It follows from the above that weights of neurons at a distance shorter than MAX_DISTANCE from the winner neuron are subject to the modification. Additionally, these modifications decrease hyperbolically along with an increase in the distance from the winner neuron. The above-assumed parameter \(\eta \) has been used before [5].
-
3.
Vectors of weights of all neurons which were subject to changes are standardized:
$$\begin{aligned} {\widetilde{w}}_{i,j,k}=\frac{w_{i,j,k}}{\sqrt{\sum _{p=1}^{n}\left( w_{i,j,p}\right) ^2}} \end{aligned}$$(10)where \(w_{i,j,k}\) is the weight of the kth input of neuron number (i, j), \({\widetilde{w}}_{i,j,k}\) denotes \(w_{i,j,k}\) after the change.
After the completion of learning, the visualization of each wth input data vector consists in calculating values of all neurons’ outputs from Formula 7. Based on the obtained results, we determine the position of the neuron which is the winner, that is, the one at whose output the largest value appeared. If the winner neuron is in the uth row and vth column, we check whether a symbol representing a class other than the class of the wth vector was earlier drawn in the location on the screen with coordinates (u, v):
-
If yes, this means that the neuron with number (u, v) is at the same time the winner for vectors representing different classes. It follows from this that the network is unable to differentiate at least two data vectors belonging to different classes. In turn, it follows from this that the obtained view is not satisfying. Thus, we train the network again changing the number of learning repetitions or other parameters.
-
If not, then in the location with coordinates (u, v), we draw a symbol representing the class to which the wth vector belongs.
-
Thanks to proceeding in that way for all data vectors, we obtain the image of neurons representing separate data classes on the computer screen.
4 Possibilities of visualizations based on autoassociative neural networks and Kohonen maps
Both autoassociative neural networks and Kohonen maps can create nonlinear mappings. On the one hand, this can be treated as a disadvantage, because it leads to the distortion of multidimensional data view. However, in the case of many types of analyses this is of no relevance—for example with the analysis conducted in this paper.

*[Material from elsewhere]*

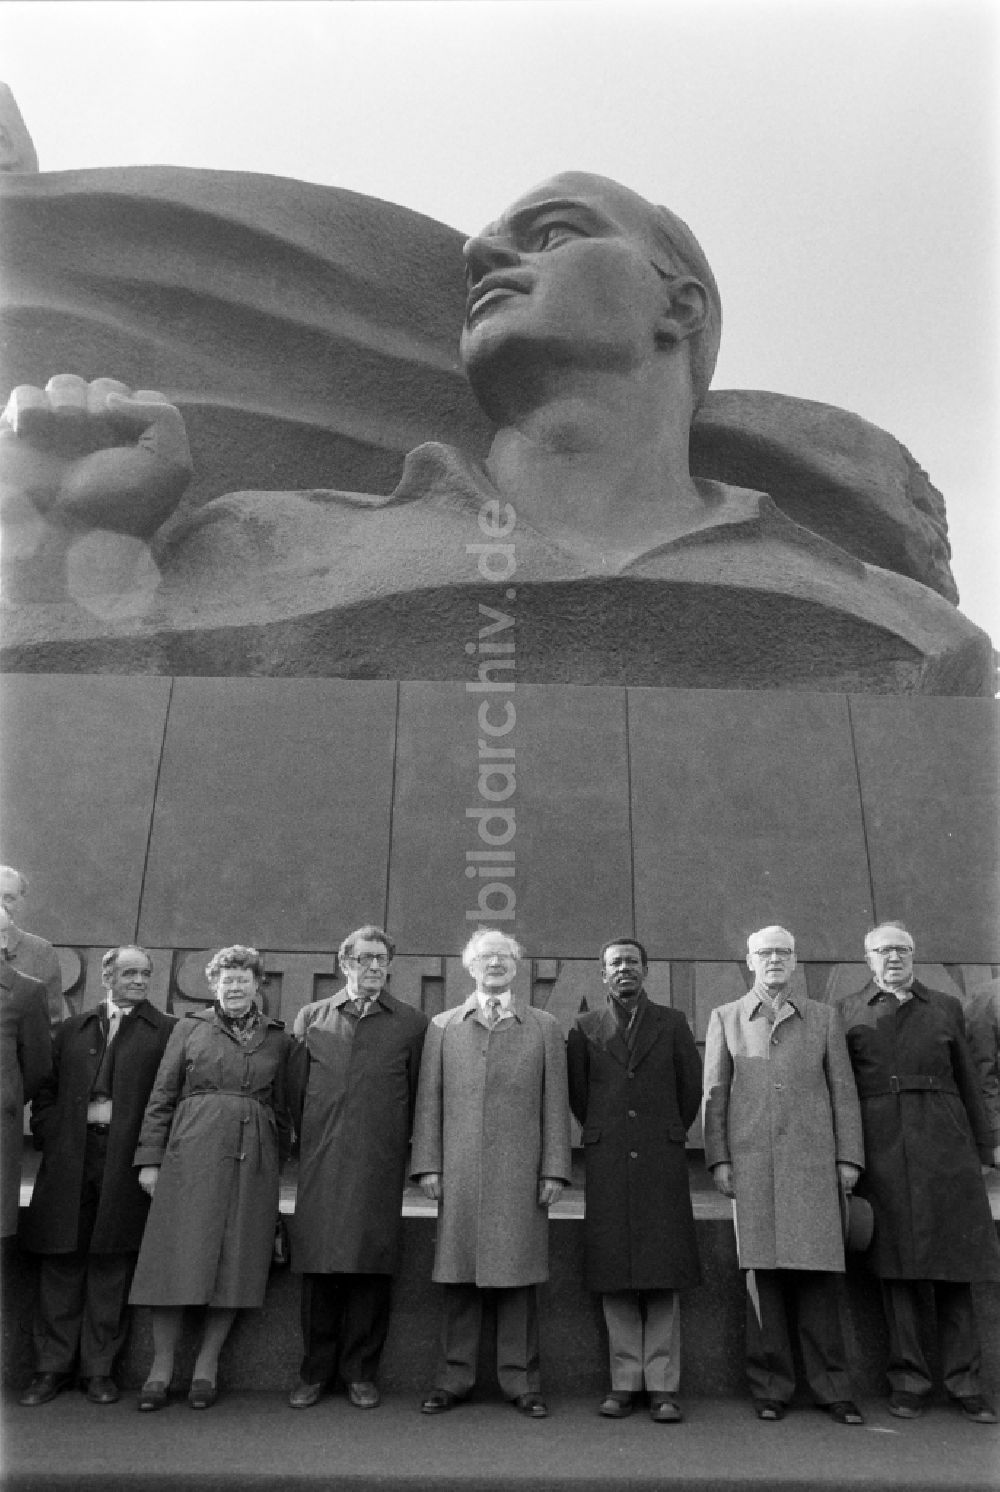 Berlin: Einweihung Thälmannpark mit Erich Honecker in Berlin

Simultaneously, it must be noted that some topological dependencies are usually preserved in a view distorted in this manner. Moreover, in the case of many types of data, nonlinear mapping can have beneficial effect on the possibility to obtain views enabling to observe some significant features. An example of this type of data is situation in which one dataset surrounds another dataset from all sides and at the same time we want to obtain information on the possibility to separate these sets from each other. In order to present the analyzed situation in detail, artificial seven-dimensional data were prepared using a random number generator. These data consist of two subsets, one of which occupies the area of a seven-dimensional sphere and another occupies the area of a sphere of some thickness surrounding the first one. Both subsets contain 1000 points. Figures 3 and 4 present views of data obtained using autoassociative neural networks and Kohonen maps prepared in this manner. As seen, both these views allow to conclude that the possibility to separate subsets of analyzed data exists. This means that methods using autoassociative neural networks and Kohonen maps are effective even in such an extreme case of surrounding one subset from all sides by another one.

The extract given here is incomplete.